A Salute to Indian Women
The Indian woman of today wants it all and wants it on her own terms. She will have a career and she will have a family too. From Mary Kom and Indra Nooyi to that woman in an average Indian home, each one is special and each one is balancing her dreams with the demands of everyday life.
September 24, 2014, as the country celebrated the success of the Mars Orbiter Mission, the picture of women scientists celebrating at ISRO flooded social media. Middle aged, clad in traditional saris with flowers in their hair and bindis on their foreheads, as they hugged and laughed they came to represent the new age Indian woman.
This new woman has learnt to revel in her Indianess and at the same time her womanhood. She enjoys her successes and celebrates them with abandon. No longer does she bother about fitting in, no longer does she dress to project an image, and no longer does she find her happiness in others. She is no wannabe any more. She has arrived. Yes, she definitely has!
Minal Sampath, a systems engineer with the Mars programme often works 18-hours a day and ‘forgets that she is a woman’. Watching a live launch on the television when she was five years old, gave birth to a dream that she went on to fulfill. There have been many more like Ms Sampath. For example, the late Anna Mani, who worked with the honored Professor CV Raman on the research of optical properties of ruby and diamond. Then, we have Rajeshwari Chatterjee, who was the first woman engineer from Karnataka. Honestly speaking, the list of such eminent ladies with exceptional work contributions in their respective fields is endless.
In these past few years’ women have grabbed headlines in almost all spheres. Where on one hand they conquered Mars, on the other they dominated sports. We have five time world boxing champion Mary Kom, the only boxer to have won a medal in each of the six world championships. She has been conferred the Padma Bhushan, the Arjuna Award and the Padma Shree among a host of others. Another one who brought home an Olympic medal, the shy young shuttler Saina Nehwal, became the first woman to do so.
Nevertheless, it hasn’t been easy learning to straddle the two worlds of career and family. ‘Women can’t have it all,’ said Indra Nooyi, PepsiCo CEO in her famous interview at the Aspen Ideas Festival last year. Ranked at number 13 on the 2014 Forbes list of the world’s most powerful women and a Padma Bhushan recipient, Nooyi confesses to feelings of parental guilt. She advises women to make use of a support system. Women are coming to accept that they aren’t superwomen and are no longer afraid to ask for help.
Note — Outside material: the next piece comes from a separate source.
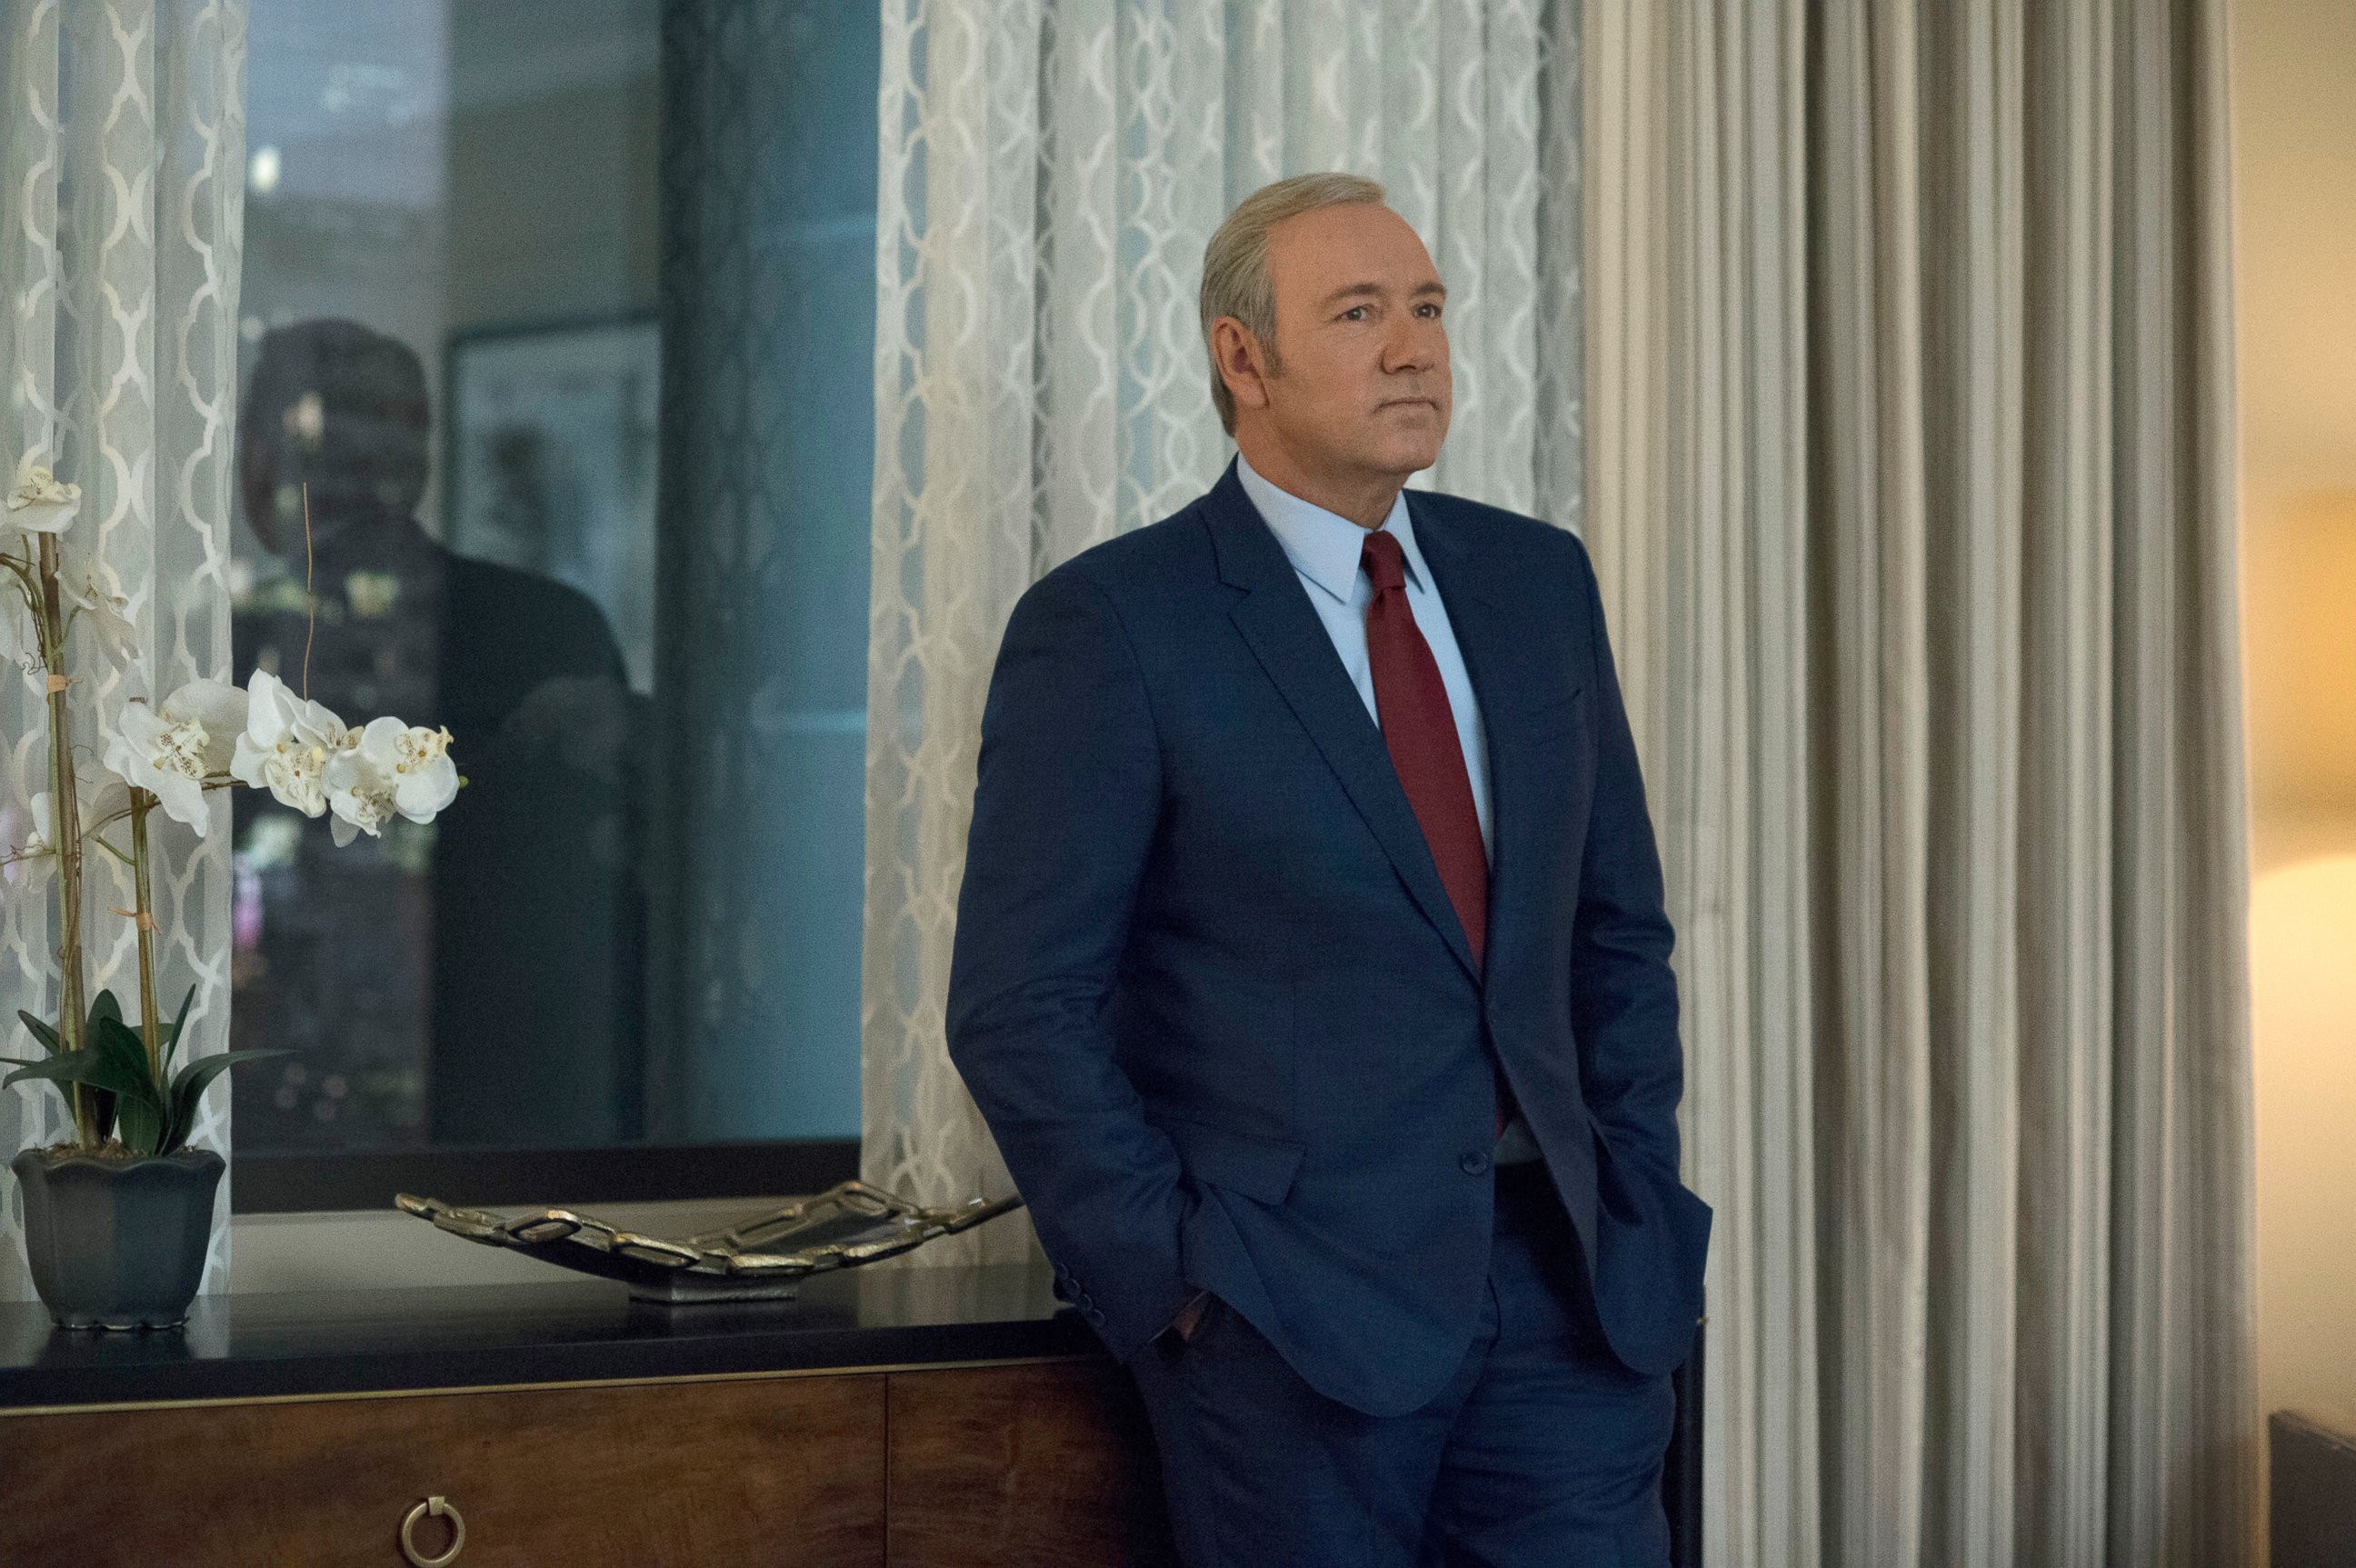 PHOTO: Kevin Spacey in a scene from season 4 of "House of Cards."

However, that is not to say they are incapable. Naina Lal Kidwai country head and CEO at HSBC India, made a practice of bettering her male cousins when her uncles undermined her capabilities. And then, to her uncles’ surprise, she went on to become the first Indian woman to graduate from Harvard Business School and be conferred with the Padma Shri.
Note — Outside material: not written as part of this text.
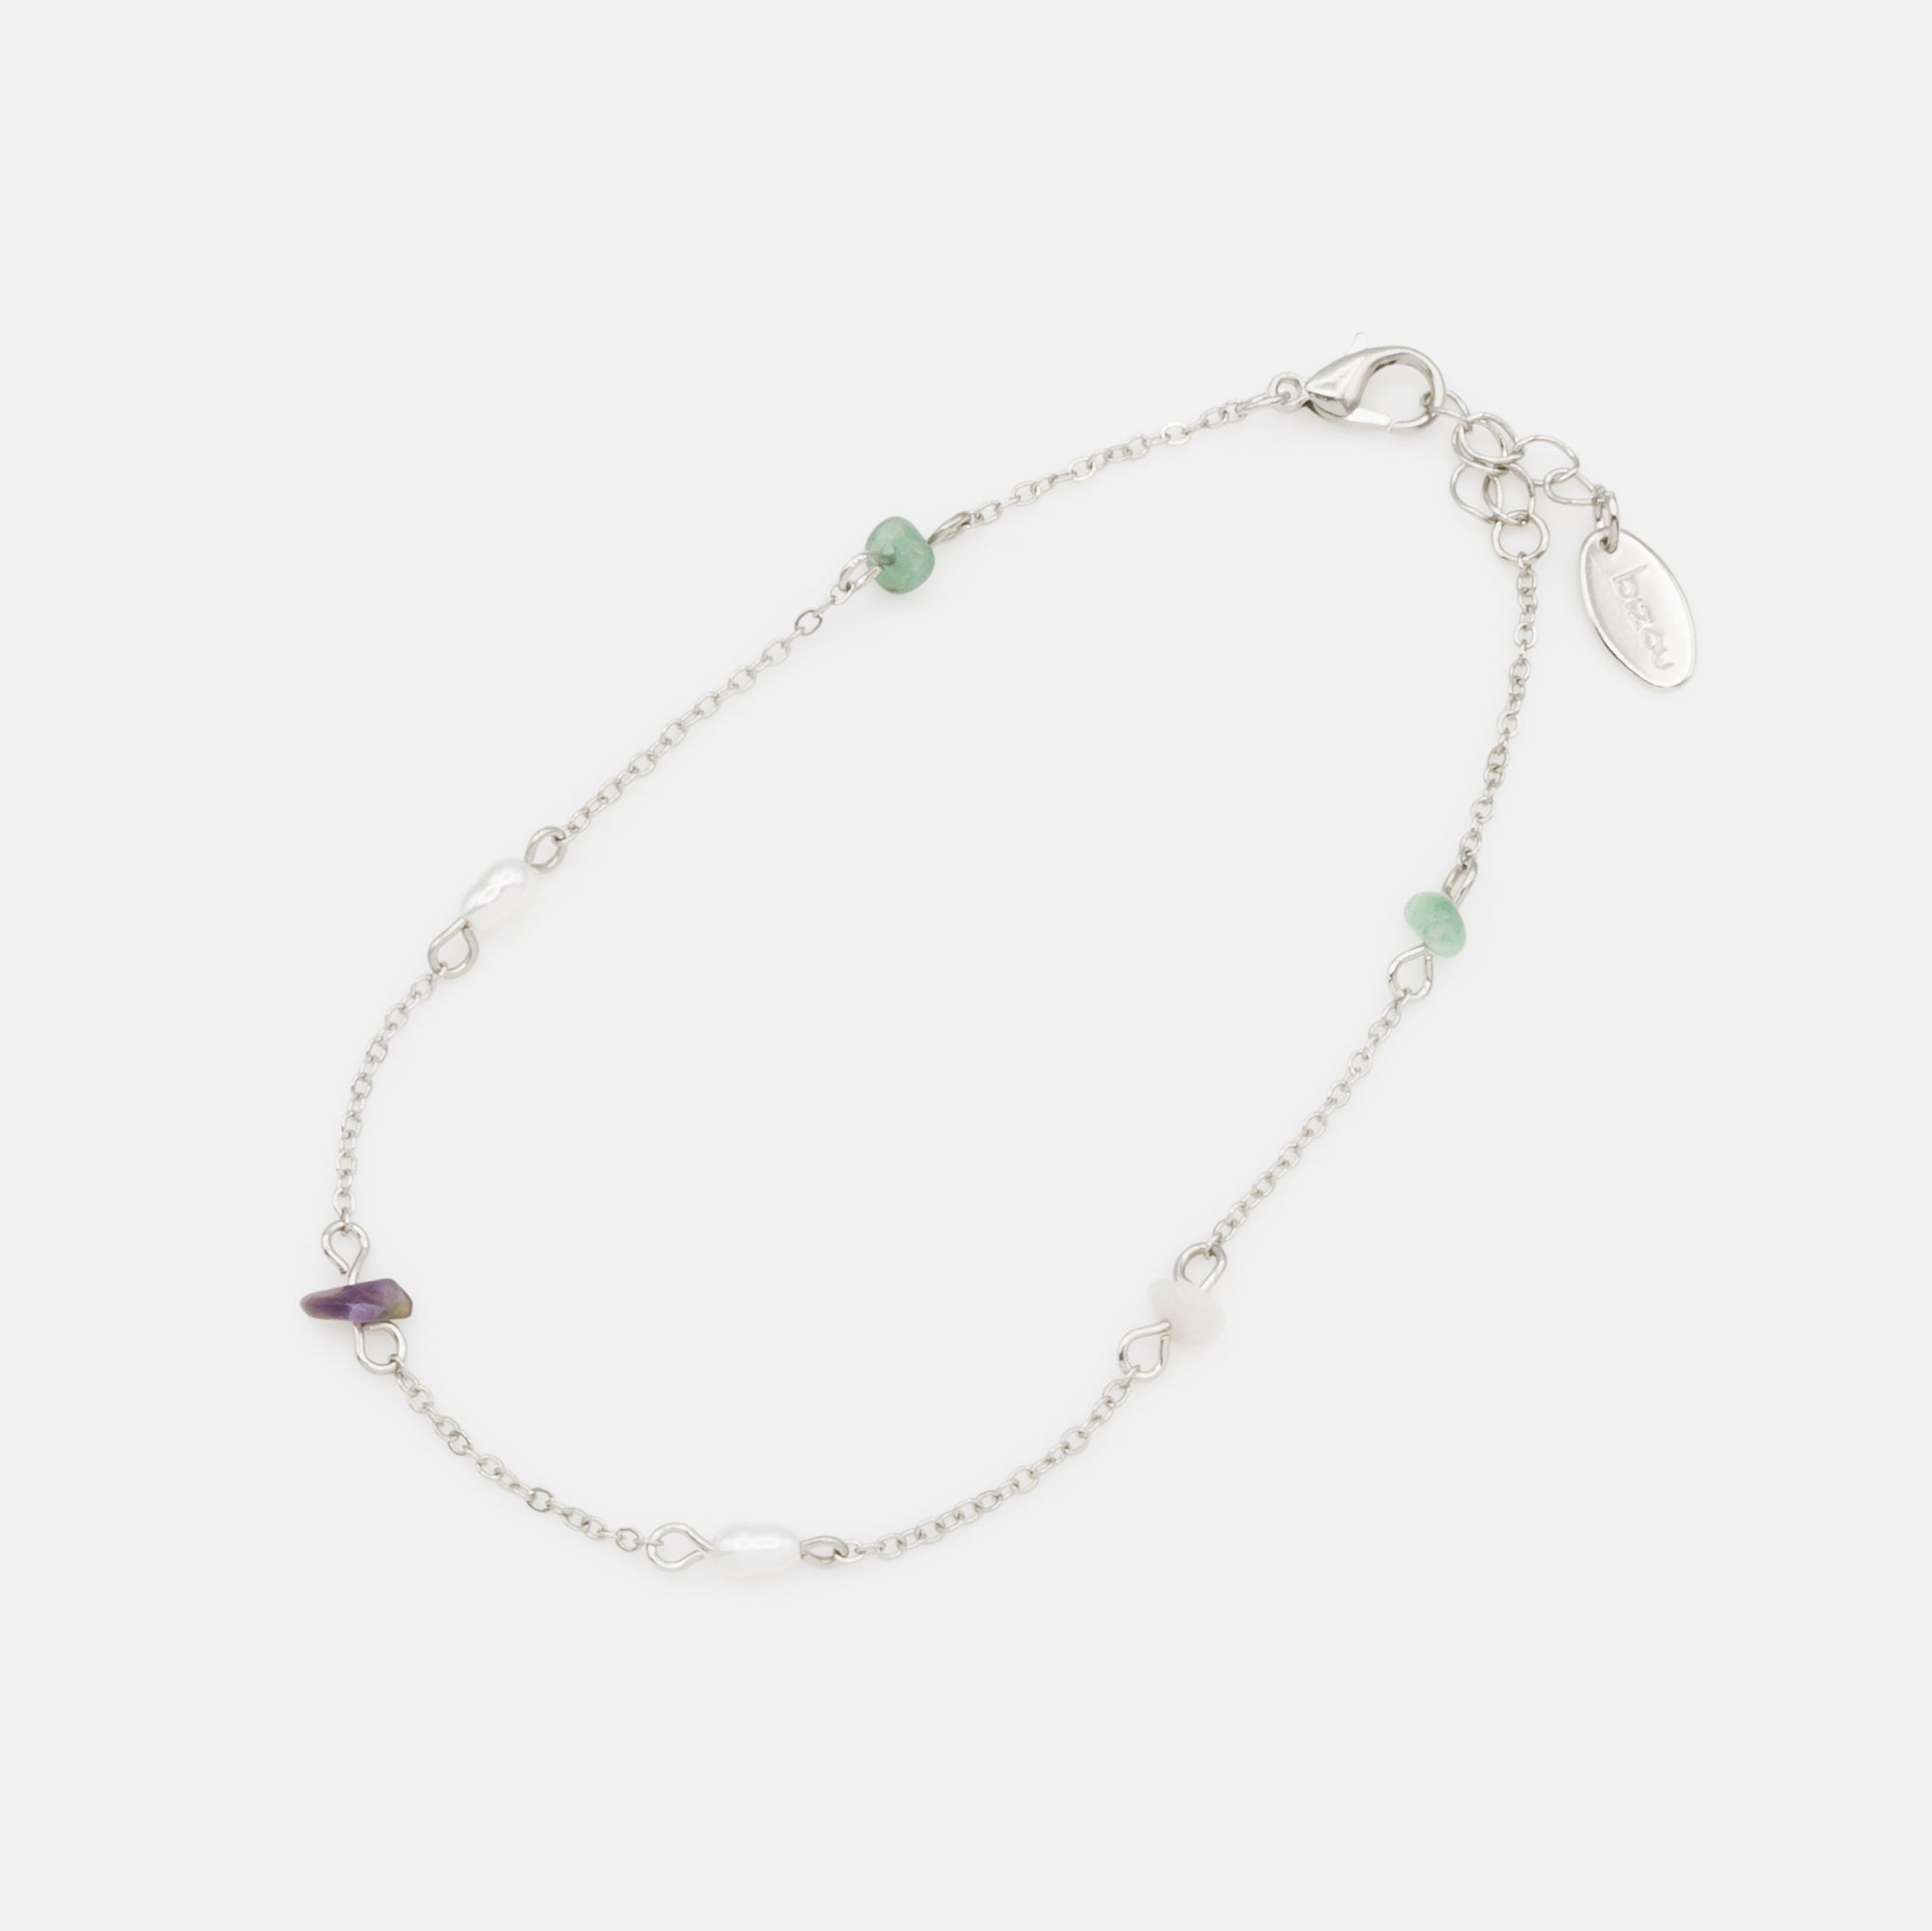 Silver anklet with pearls and colored stones

Additionally, creative pursuits have always been seen as a woman’s forte. New age women Indian authors and poets have put India on the global map and proved their mettle. Dealing sensitively with issues of South Asian Immigrants through her women protagonists, author Chitra Bannerji Divakaruni has opened their hearts to the world. Describing the characters in one of her female-oriented books, says she, “..what distinguishes my characters is their courage and spirit and a certain stubbornness which enables them to keep going even when facing a setback.” That, in essence, sums up the modern Indian woman.
Furthermore, we have writers like MahaShweta Devi who combined journalism, social work and writing in one potent mix to bring forward the indomitable spirit of the exploited people of India. She writes primarily in her native tongue Bengali about the tribals of Eastern India. She has been awarded the Sahitya Akademi Award, the Padma Shri, the Jnanpith Award and the Padma Vibhushan award among a plethora of others.
What’s more, women have been running our country too. Indira Gandhi might have had her share of controversies, but one cannot deny that she took the country a step ahead in all spheres. Now we have Congress Chief Sonia Gandhi, Bengal Chief Minister Mamata Banerjee and Minister for external Affairs Sushma Swaraj, who are all power centres in their own right.
The Indian woman has learnt to look beyond the battle of fluff versus feminism. She takes a bit of both to make her life just the way she wants to.